The President has taken some more measured and effective steps on the administrative side. In a significant move that did not receive much press, on January 20, 2017, Reince Priebus issued a memorandum instructing the heads of executive departments and agencies to give the administration an opportunity to review any new or pending regulations before taking further action, and generally instructing those officials to:

  1. Refrain from sending any new material to the Federal Register for publication until it can be reviewed by “a department or agency head appointed or designated by the President” ;
  2. Withdraw any regulations, including proposed rules, final rules, and guidance documents, which have been sent to the Federal Register (forwarded for publication to make them law), but have not yet been published, so that they may be reviewed by the new Administration; and
  3. Delay until March 21, 2017, the implementation of any final rules or guidance documents that have been published, but have not yet become effective, and consider proposing to delay implementation beyond that date. Those regulations are to be reviewed by Trump-appointed or designated agency heads in consultation with the Office of Management and Budget (OMB). This has proven an effective “shot across the bow” that has already impacted several initiatives of the Obama administration.

One notable impact was in regard to the previously proposed FLSA changes whereby the Department of Labor (DOL) dramatically increased the salary test for partially determining whether an employee could be exempt from overtime. On November 22, just 10 days before the implementation date of the new FLSA rules, a Federal District Court in Texas enjoined the implementation of that rule. President Obama’s Department of Labor immediately filed an appeal of that injunction.

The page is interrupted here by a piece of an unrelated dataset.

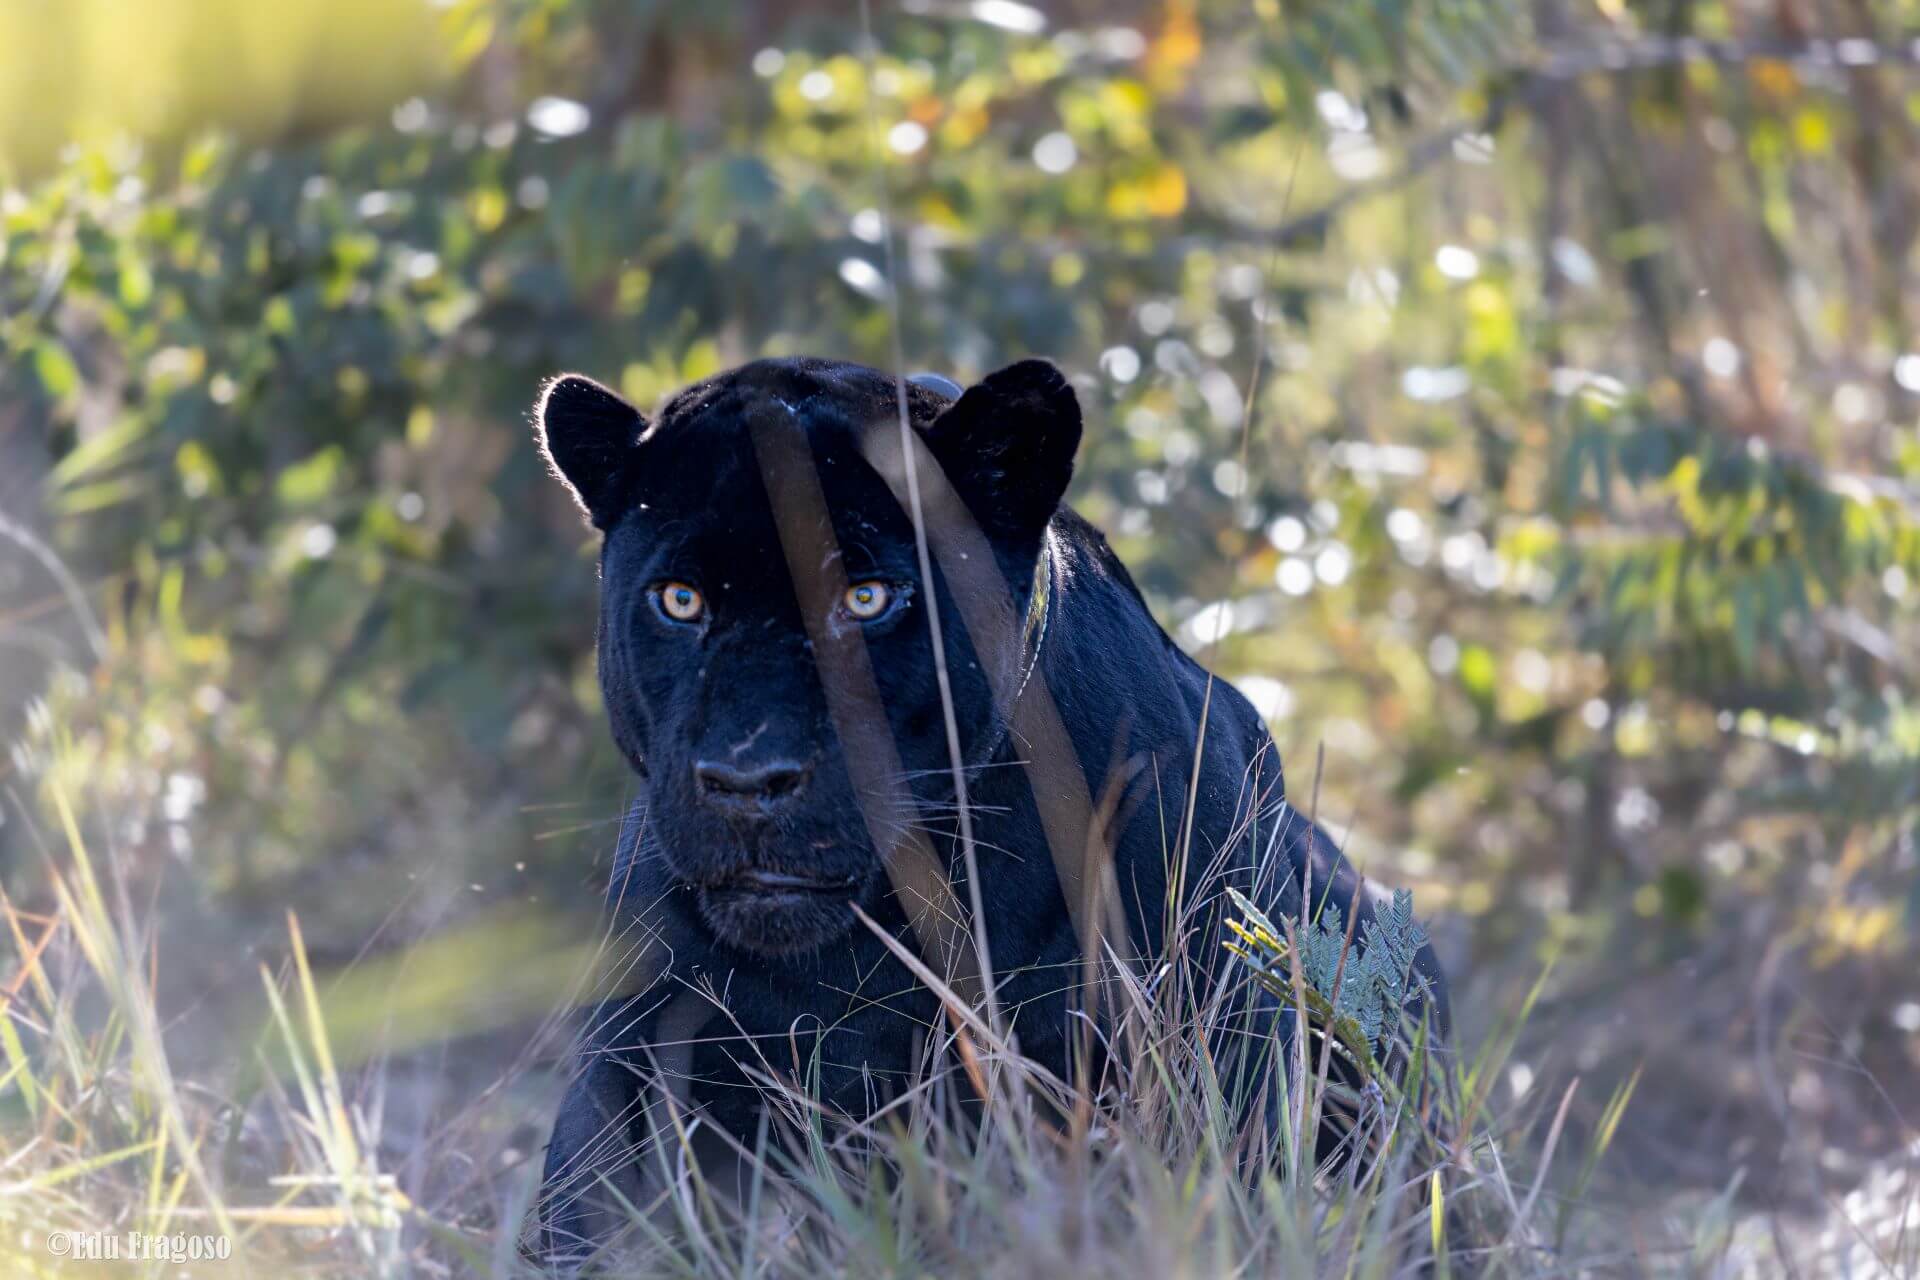 Black jaguar, a symbol of resistance in the fight for the conservation of the Cerrado

Shortly after Priebus’ memo was issued, the DOL requested a 60 day extension in the briefing schedule for the appeal. The extension was granted on February 22, giving the DOL until May 1 to submit their response. One reason given for the request was to allow the new administration to assess the issues presented by the rule change.

The Trump administration took a similar approach in regard to gender identity issues. Last May, the departments of Education and Justice issued joint guidance (referred to as a “Dear Colleague letter”) recommending schools allow transgender students to use facilities that correspond with their preferred gender identity. The Trump administration took little time to issue its own “Dear Colleague letter,” withdrawing the guidance of the first letter “in order to further and more completely consider the legal issues involved”.

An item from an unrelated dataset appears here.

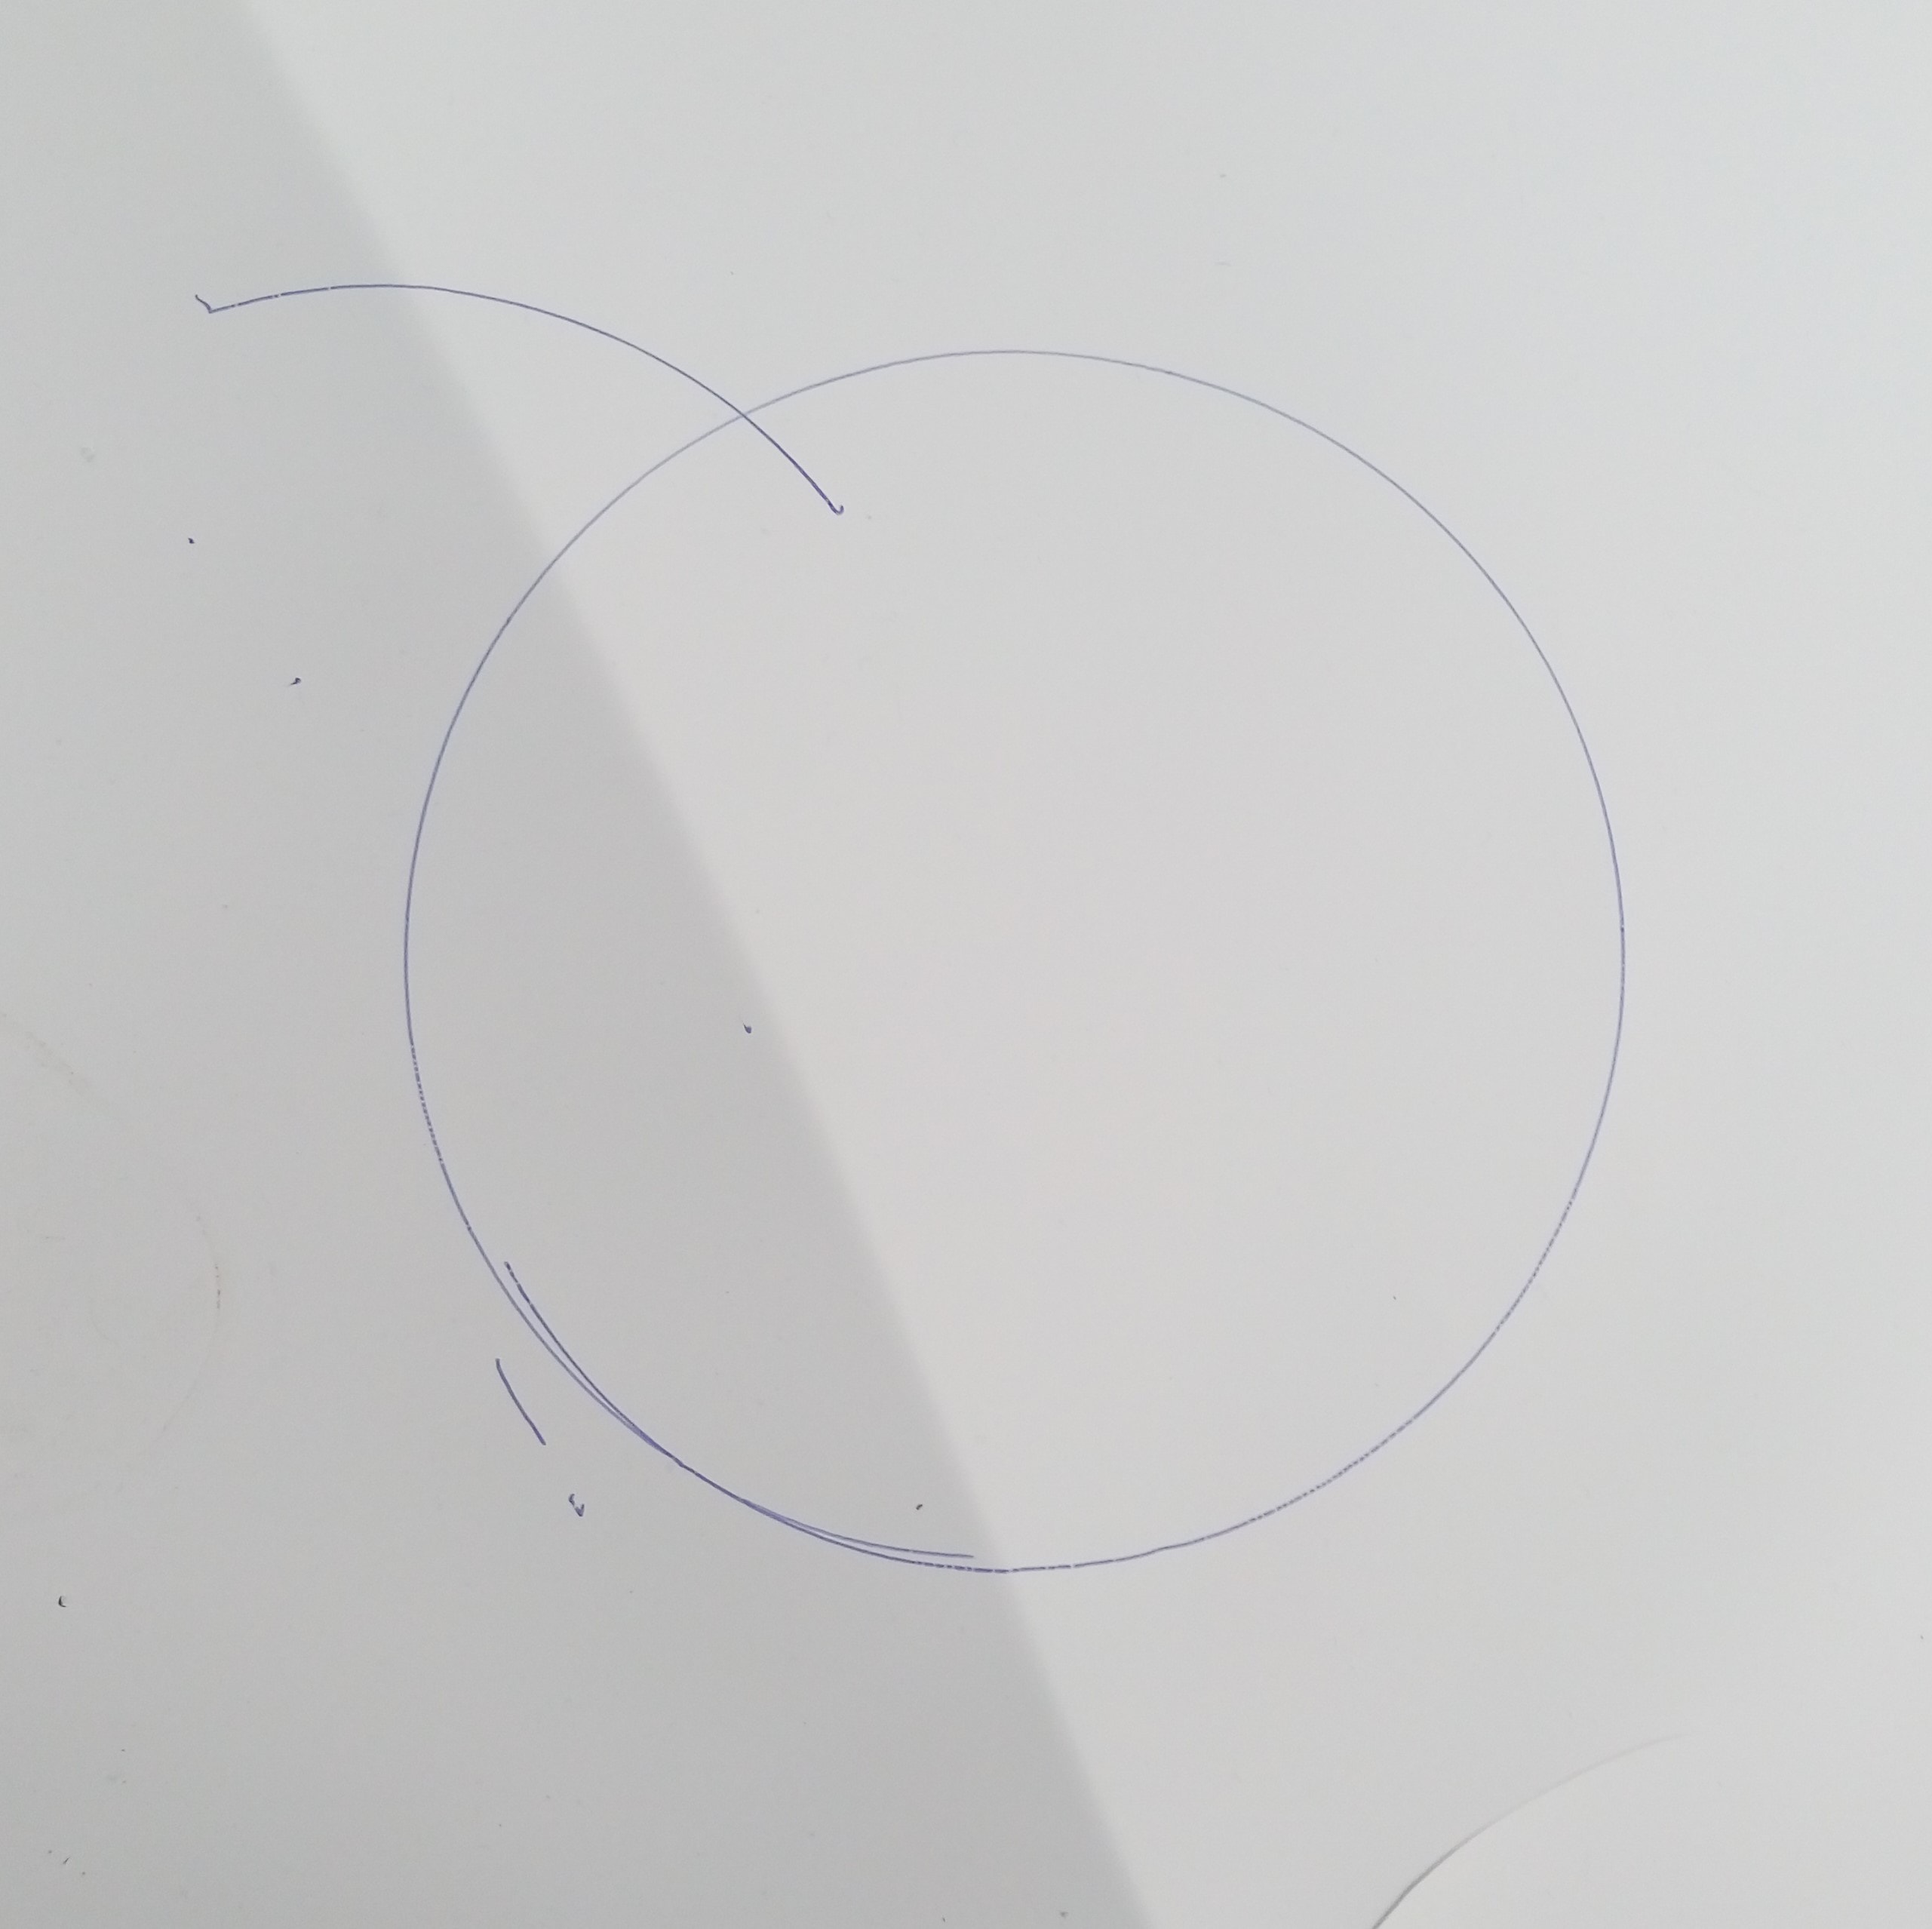 drawncircle

The current administration has also refused to publish OSHA fines issued against employers (sometimes referred to as the “name and shame” program). The Obama administration issued an average of about 460 news releases annually announcing fines and other enforcement actions. Since the inauguration of President Trump, OSHA has not posted a single news release about an enforcement fine.

Given the forgoing, the trend and intent is clear: the current administration has set the stage for rolling back some of the employment law changes imposed during the Obama years. Consistent with the wording of Priebus’ memo, as each new appointee takes office they will review pending or proposed rules and set the agenda for the future.

For now employers are wise to be vigilant. Federal agencies are still staffed at the field level by employees whose views may or may not be in harmony with the new administration, and thus employers should seek counsel as to the current state of laws, regulations and enforcement efforts. When the laws or regulations change, personnel policies and procedures should be updated to reflect the new measures, both to conform with the changes but also to avoid employee assertions relying on personnel policies based on the old law.